Data block:
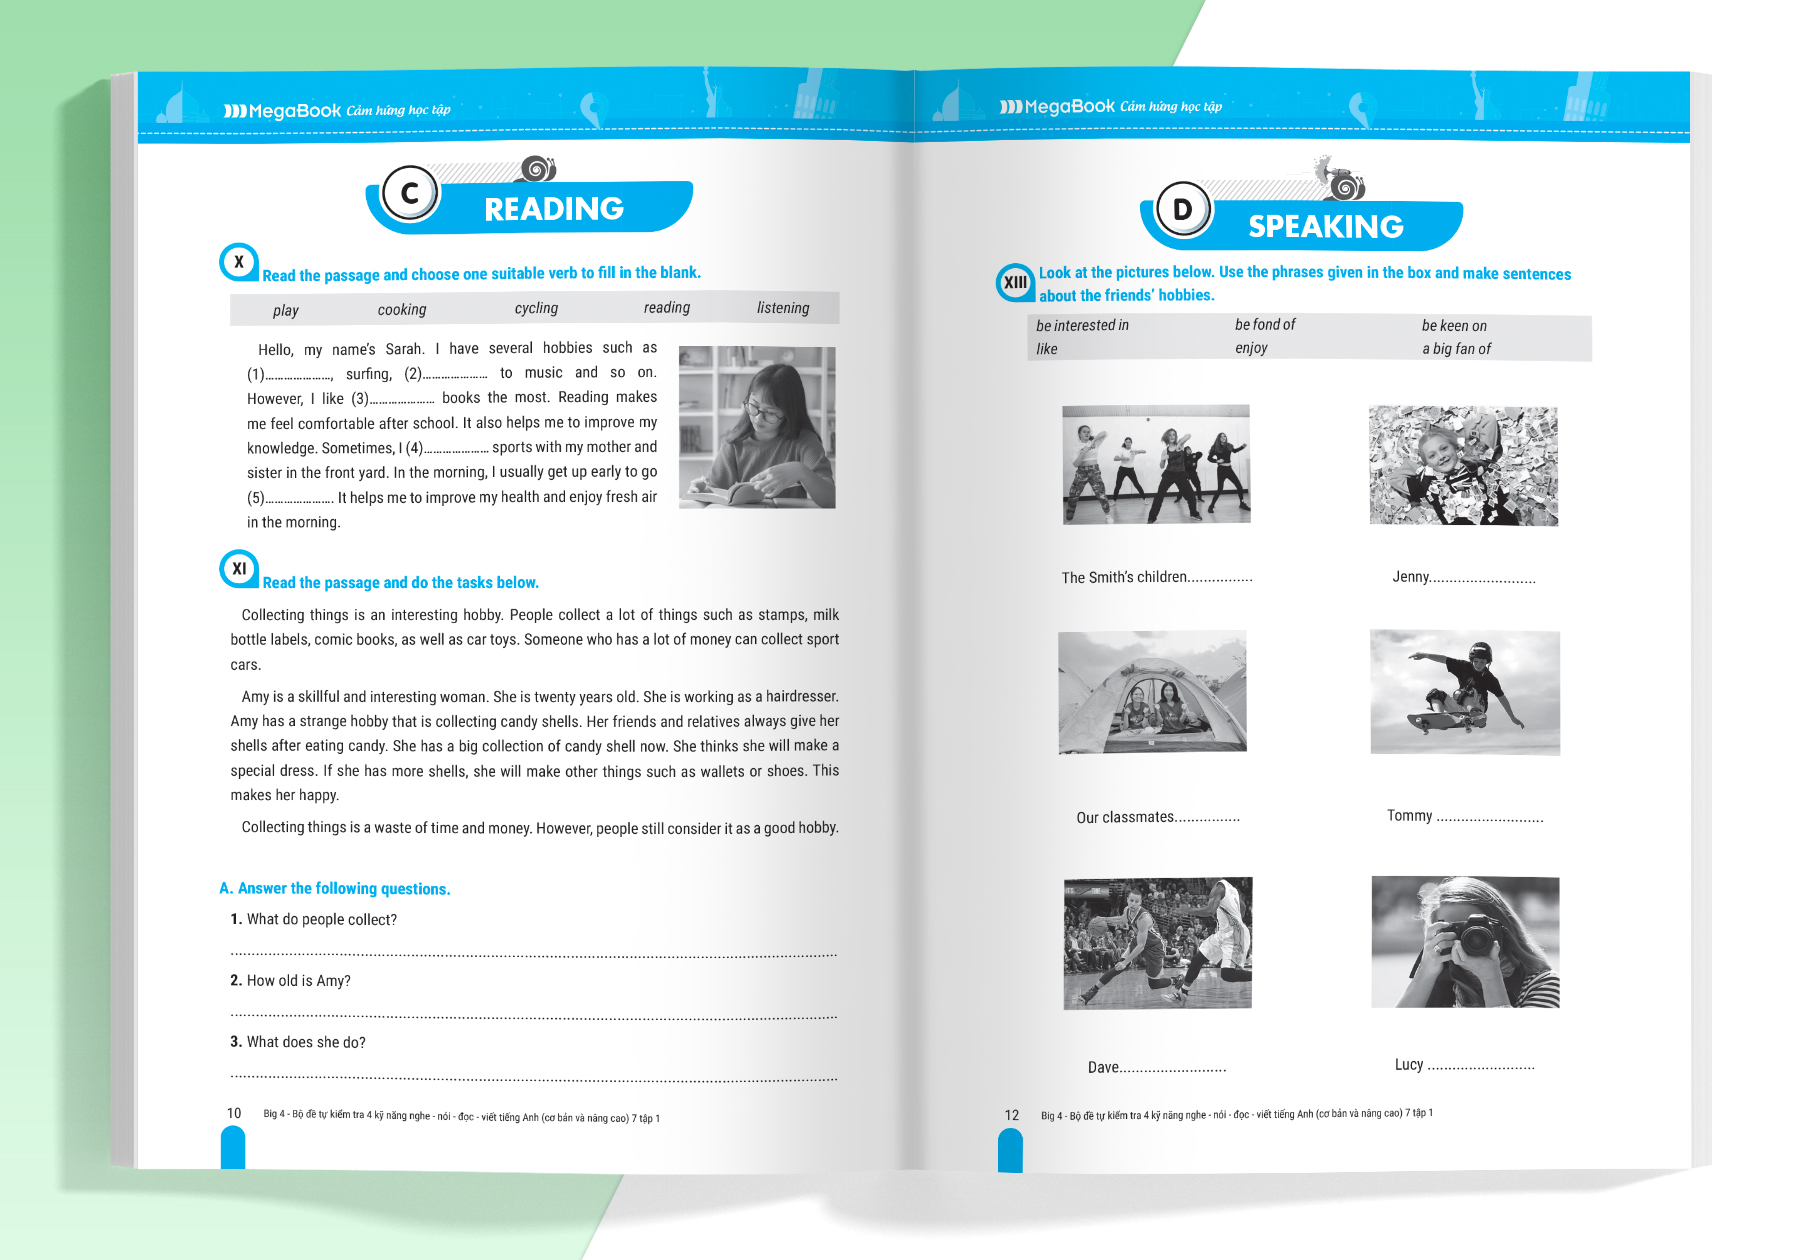 Hình ảnh Sách - Big 4 bộ đề tự kiểm tra 4 kỹ năng Nghe - Nói - Đọc - Viết tiếng Anh cơ bản và nâng cao lớp 7 tập 1 (Global) (MG)
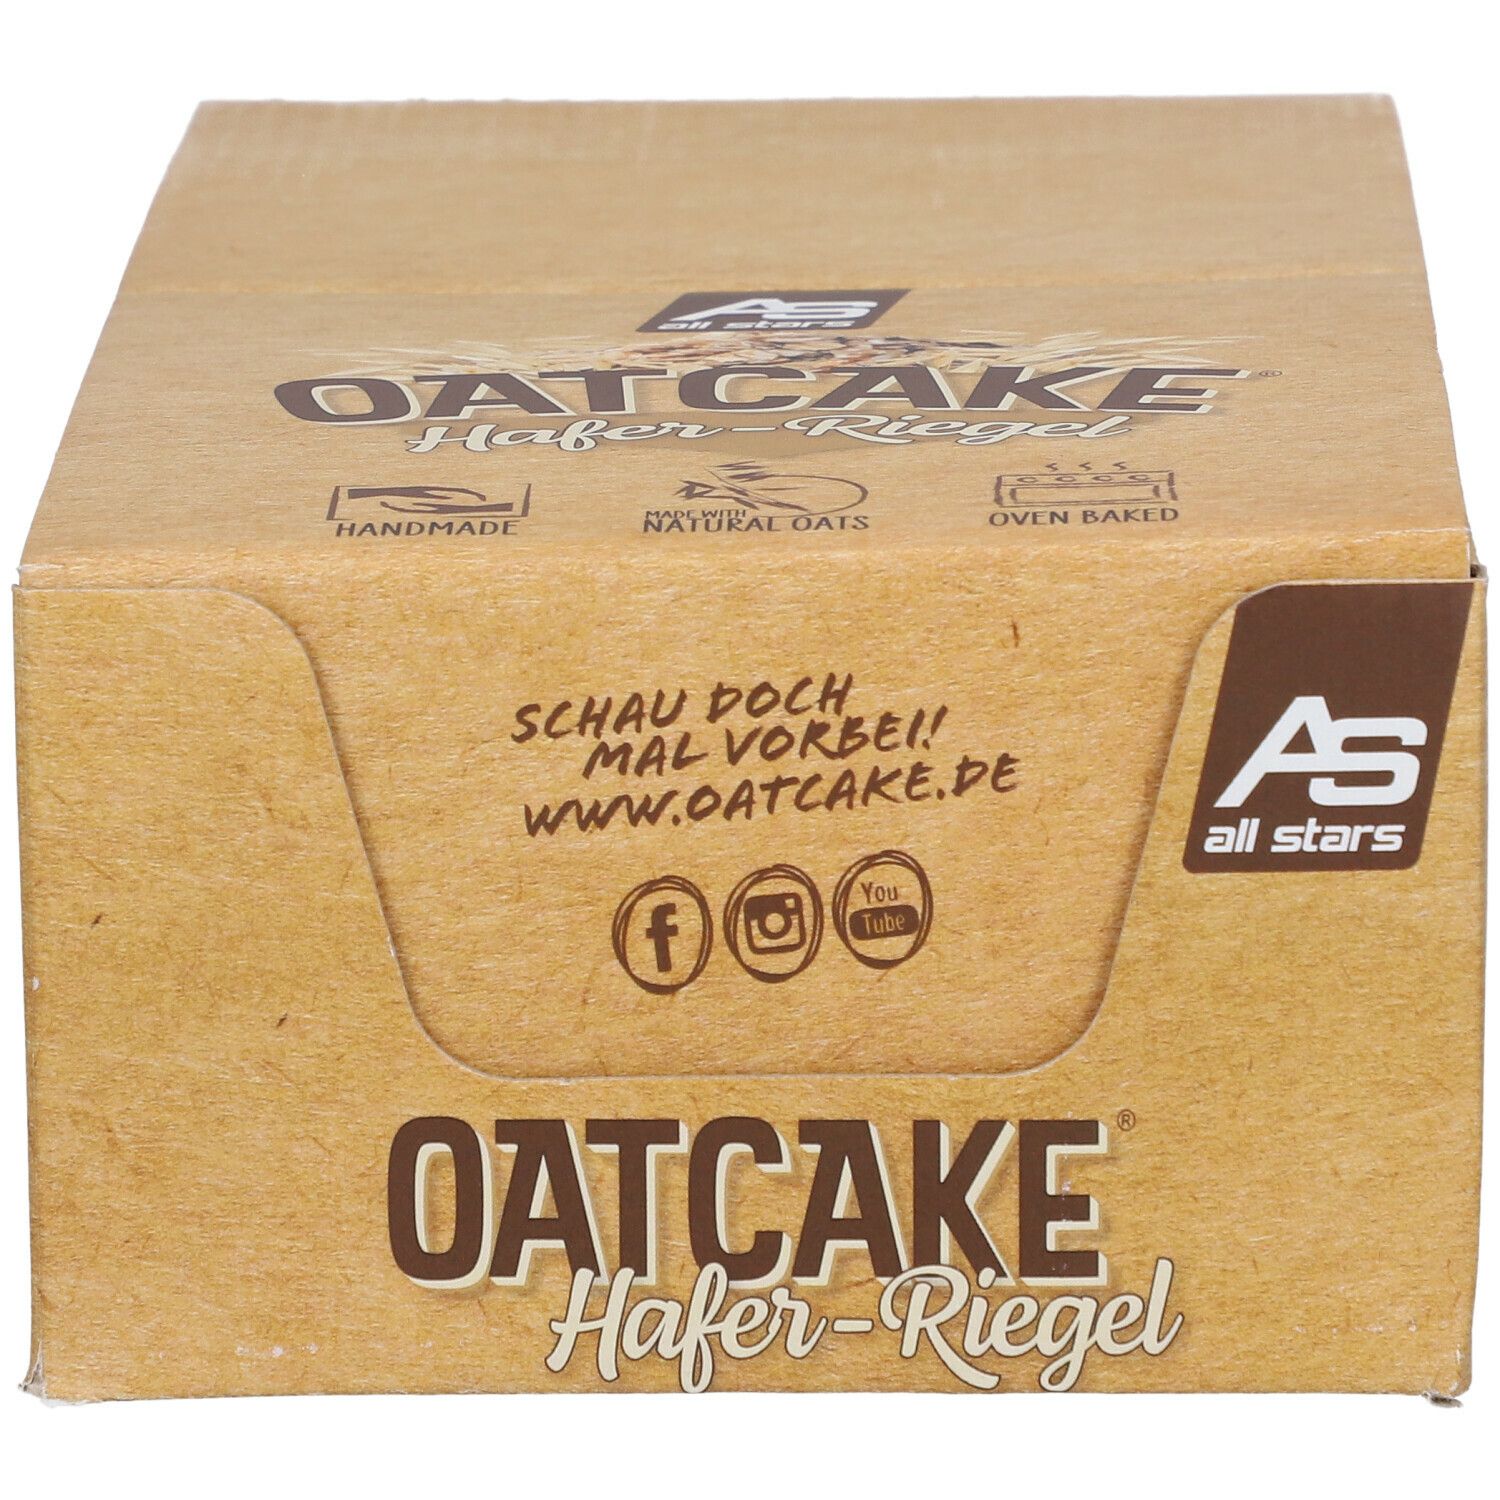 All Stars® Oatcake Hafer-Riegel Banana-Bread
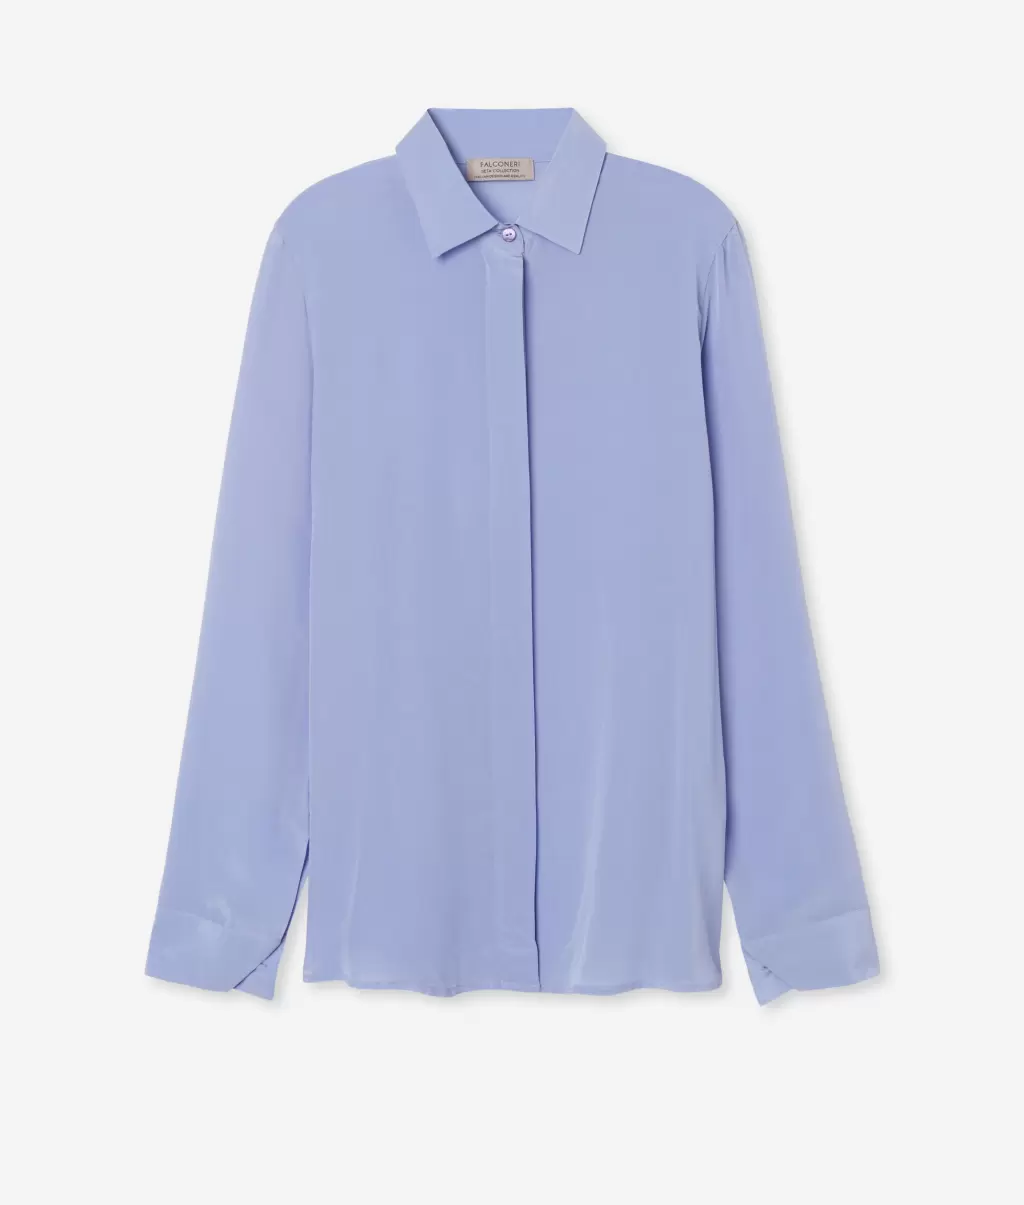 Koszule I Bluzki Kobieta Jedwabna Koszula Z Kołnierzykiem Light_Blue Falconeri - 4

Work instruction: In your copy of the material, match every word exactly and include no pictures.

Your solution:
 Hình ảnh Sách - Big 4 bộ đề tự kiểm tra 4 kỹ năng Nghe - Nói - Đọc - Viết tiếng Anh cơ bản và nâng cao lớp 7 tập 1 (Global) (MG)
 All Stars® Oatcake Hafer-Riegel Banana-Bread
 Koszule I Bluzki Kobieta Jedwabna Koszula Z Kołnierzykiem Light_Blue Falconeri - 4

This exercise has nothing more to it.